Atlas Sight exists because accessibility shouldn't have a paywall. It runs entirely on-device — no internet, no accounts, no subscriptions, no cloud tokens, no data leaving your phone, ever. A $200 Android phone or a Raspberry Pi is all you need. You talk to it, it describes the world. That's the whole deal.
This is assistive technology for real people navigating real sidewalks, reading real medicine labels, and asking for help in real emergencies. Every design decision — from the tiny model sizes to the vibration patterns — was made with that person in mind.
There is no visual interface. You don't need to see anything to use Atlas Sight.
You talk to it ("Hey Atlas, what do you see?"), tap the screen (double-tap to describe, swipe to switch modes), or shake the phone for emergencies. It responds with clear spoken descriptions, audio tones, and vibration patterns — all designed to be understood without sight.
The camera sees the world. The AI describes it. You hear it. That's it.

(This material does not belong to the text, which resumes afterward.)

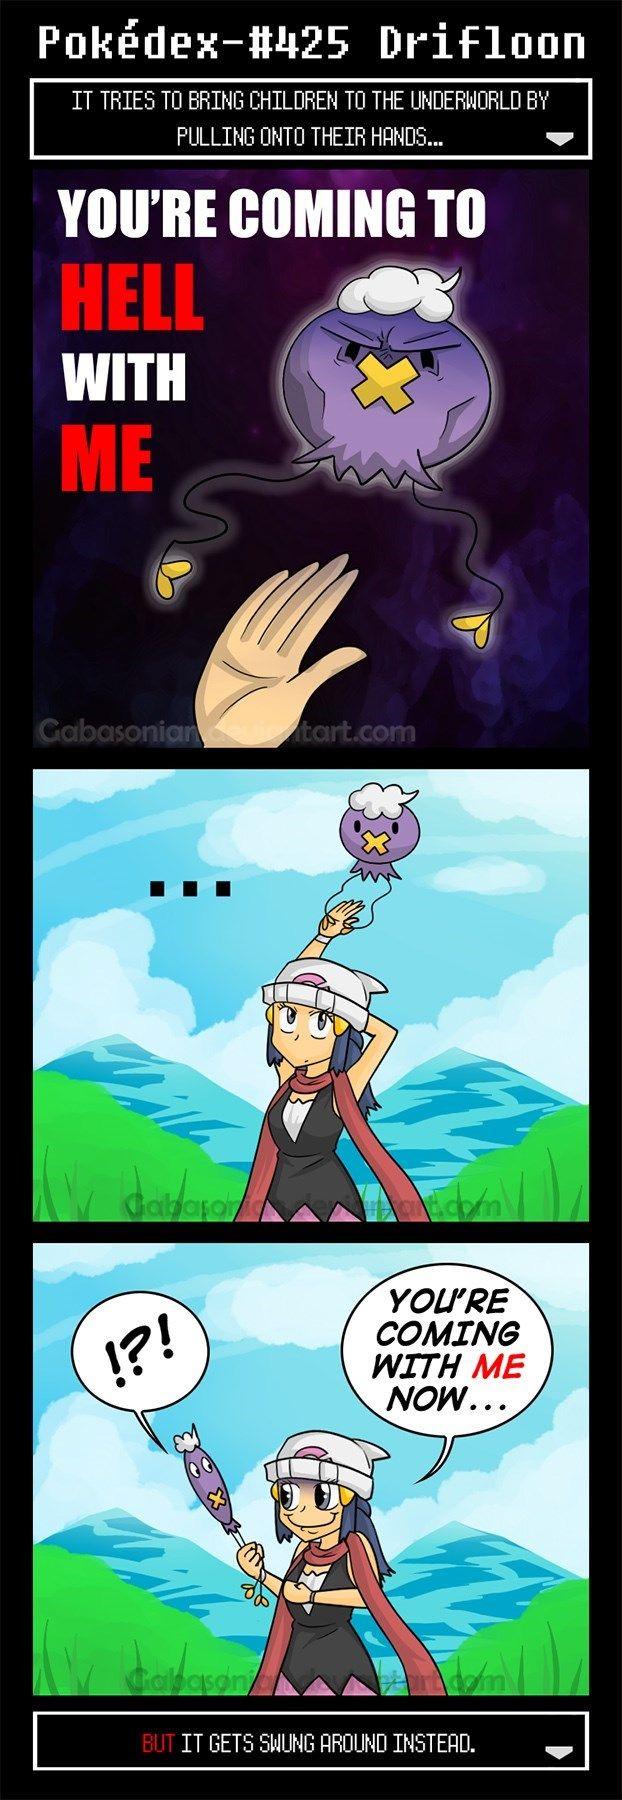 Pokémemes Video games funny, Pokemon, Pokemon art

Say "Hey Atlas" (or just "Atlas") to wake it up, then speak a command:
| Command | What it does |
|---|---|
| "What do you see?" / "Describe the scene" | Capture a frame and narrate what's visible |
| "Read the text" / "What does it say?" | Find and read aloud any visible text (signs, labels, menus) |
| "Where am I?" / "My location" | Announce compass heading, landmarks, and surroundings |
| "What's ahead?" / "Check for obstacles" | Scan for obstacles and report distances |
| "What is this?" / "Identify" | Describe the object you're pointing the camera at |
| "Start navigation" / "Guide me" | Switch to navigation mode with continuous obstacle warnings |
| "I need help" / "Emergency" / "SOS" | Activate emergency mode — detailed location + surroundings |
| "Remember this place" / "Bookmark" | Save the current scene and location for later |
| "Say that again" / "Repeat" | Replay the last spoken description |
| "More detail" / "Elaborate" | Switch to detailed descriptions |
| "Keep it brief" / "Be concise" | Switch to brief, one-sentence descriptions |
| "Speak louder" / "More volume" | Increase voice volume |
| "Speak softer" / "Quieter" | Decrease voice volume |
| "Speak faster" / "Speed up" | Increase speech speed |
| "Speak slower" / "Slow down" | Decrease speech speed |
| "Stop talking" / "Be quiet" | Silence current speech |
You can also say specific values: "Set volume to 80" or "Set speed to 1.5".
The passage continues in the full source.